**Raw data:**
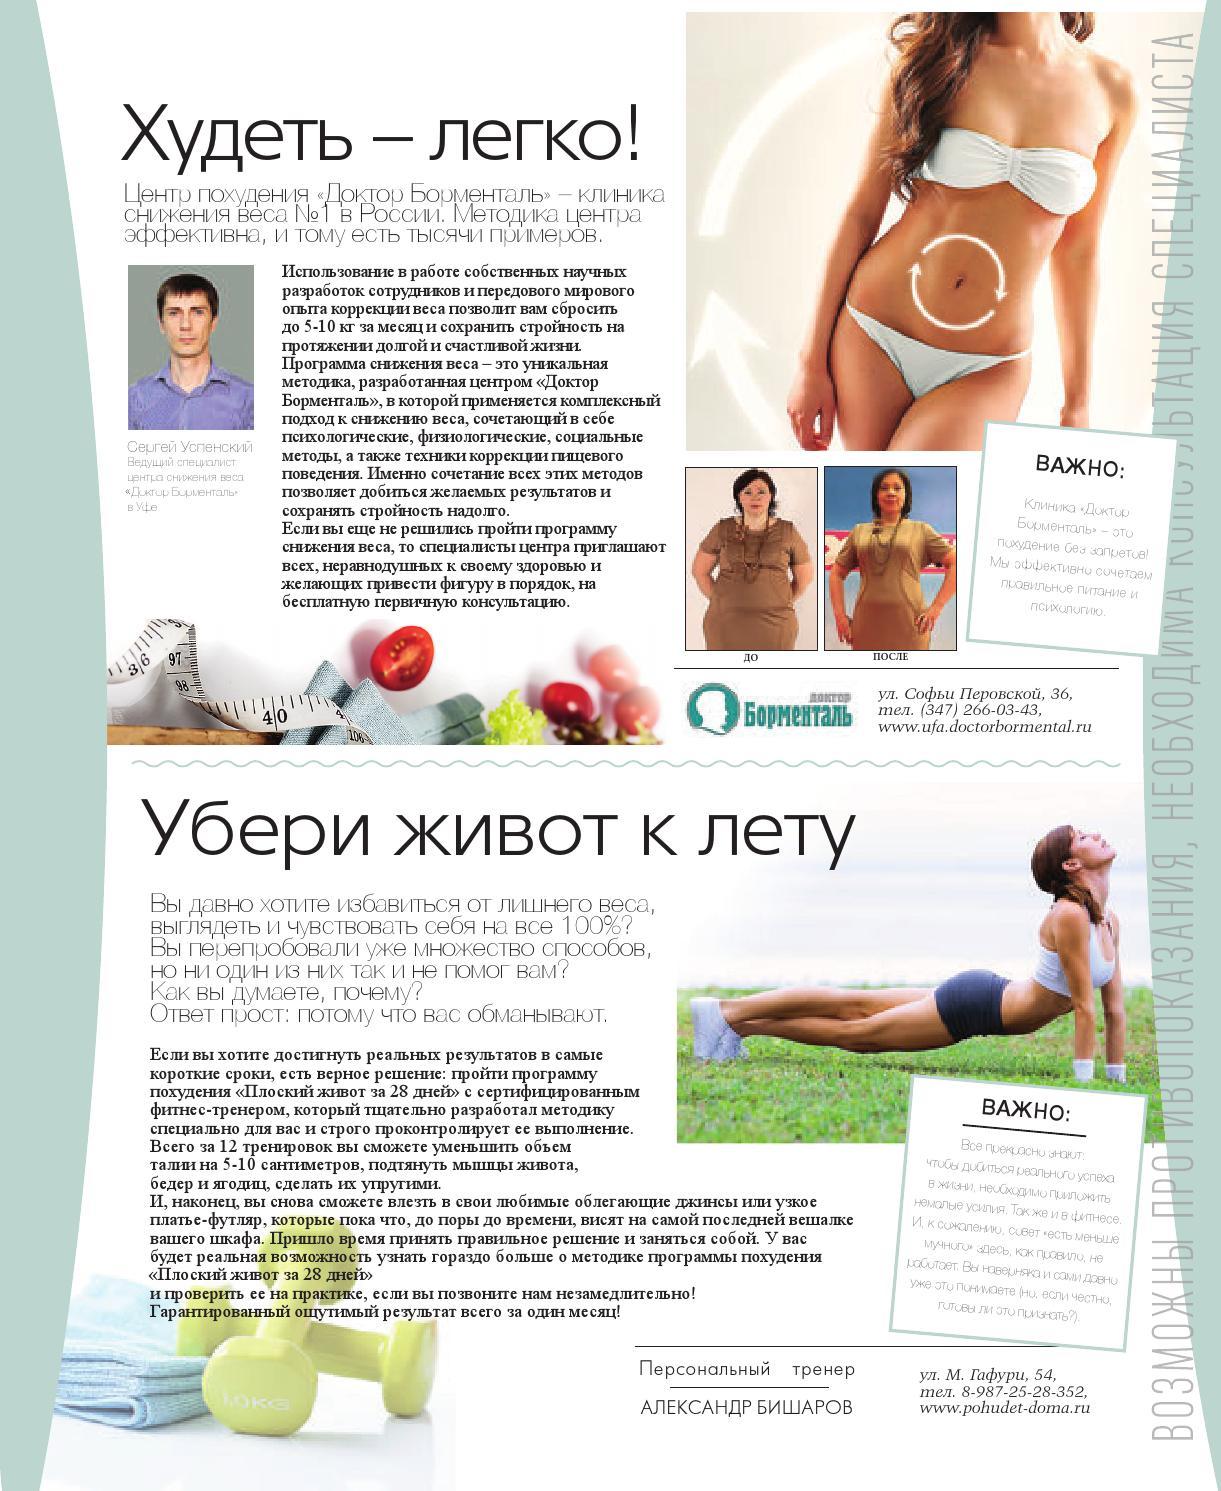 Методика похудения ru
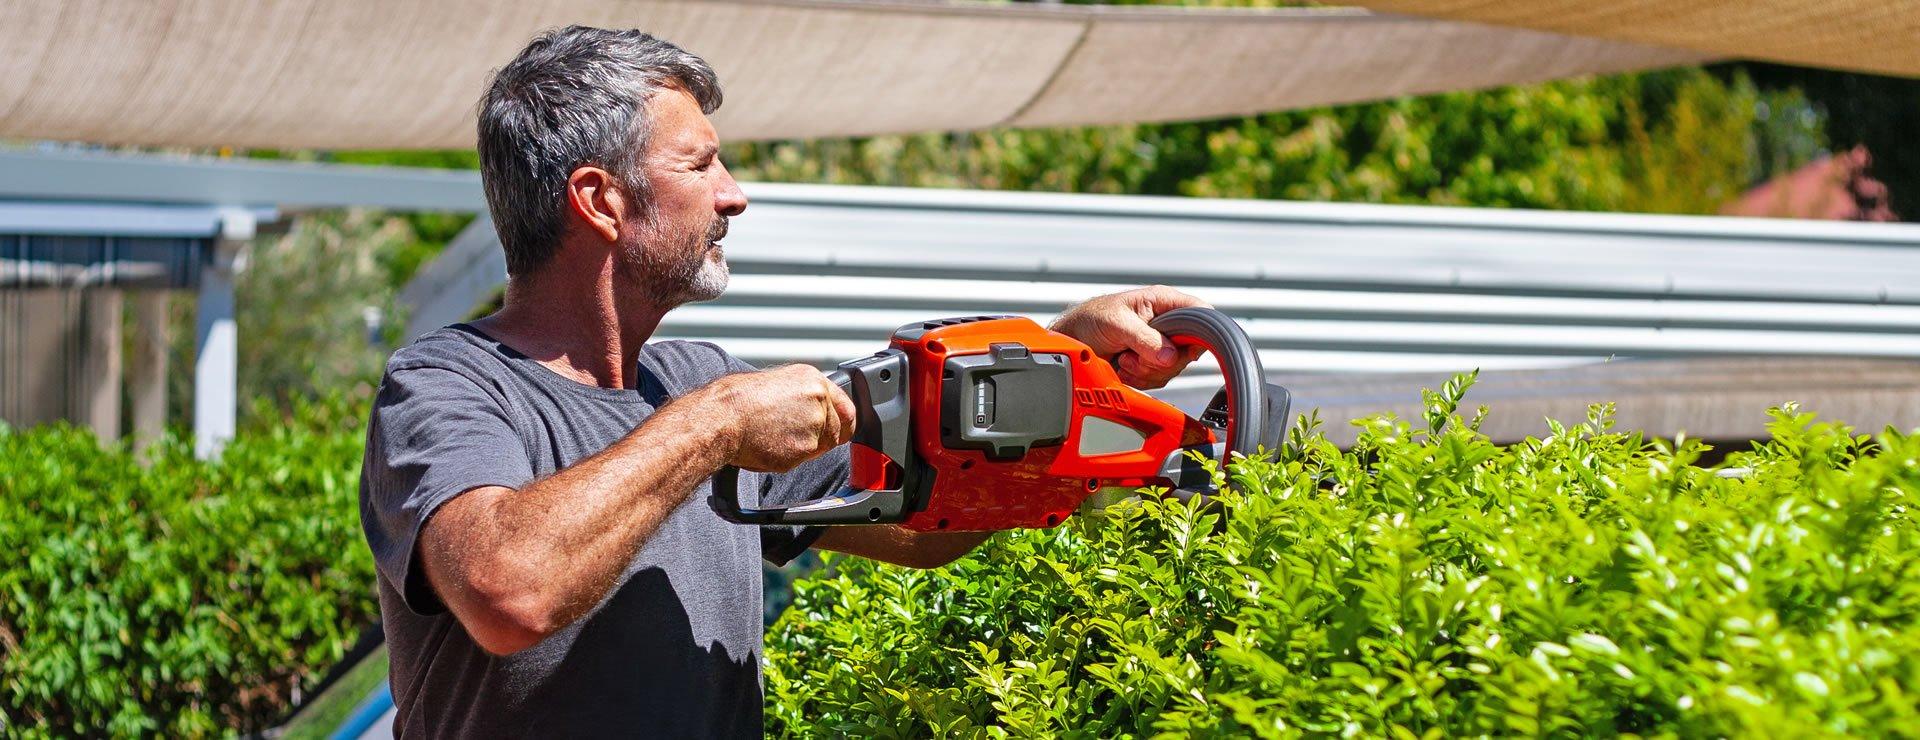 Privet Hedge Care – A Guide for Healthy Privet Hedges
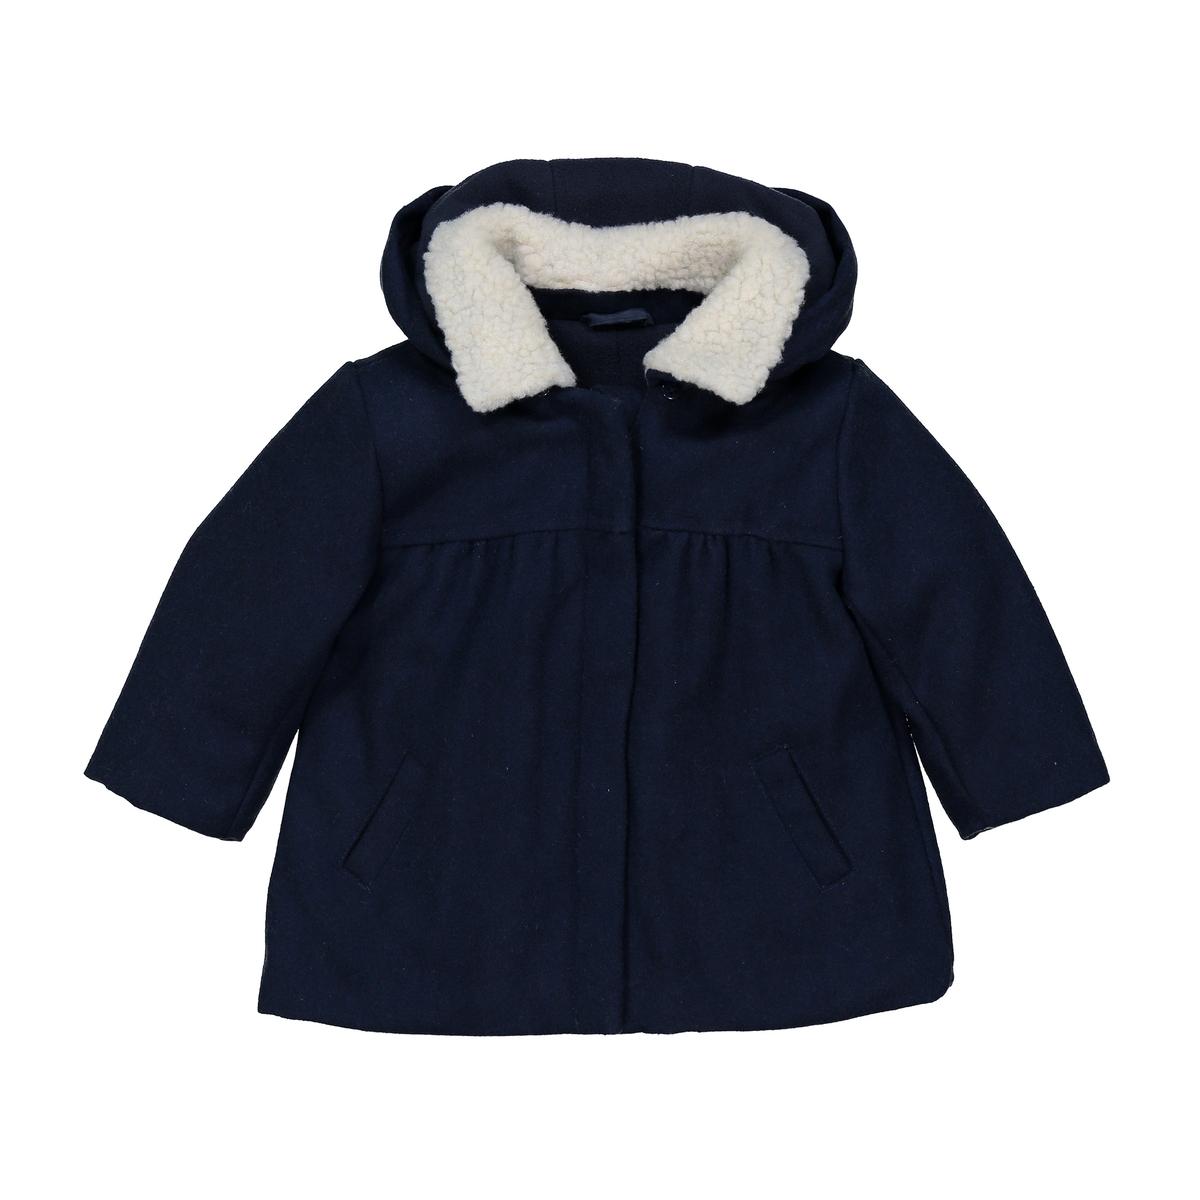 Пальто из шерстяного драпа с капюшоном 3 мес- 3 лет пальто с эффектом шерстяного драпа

**About this task:** Repeat the data above exactly, leaving out any pictures it holds.

**Answer section:**
 Методика похудения ru
 Privet Hedge Care – A Guide for Healthy Privet Hedges
 Пальто из шерстяного драпа с капюшоном 3 мес- 3 лет пальто с эффектом шерстяного драпа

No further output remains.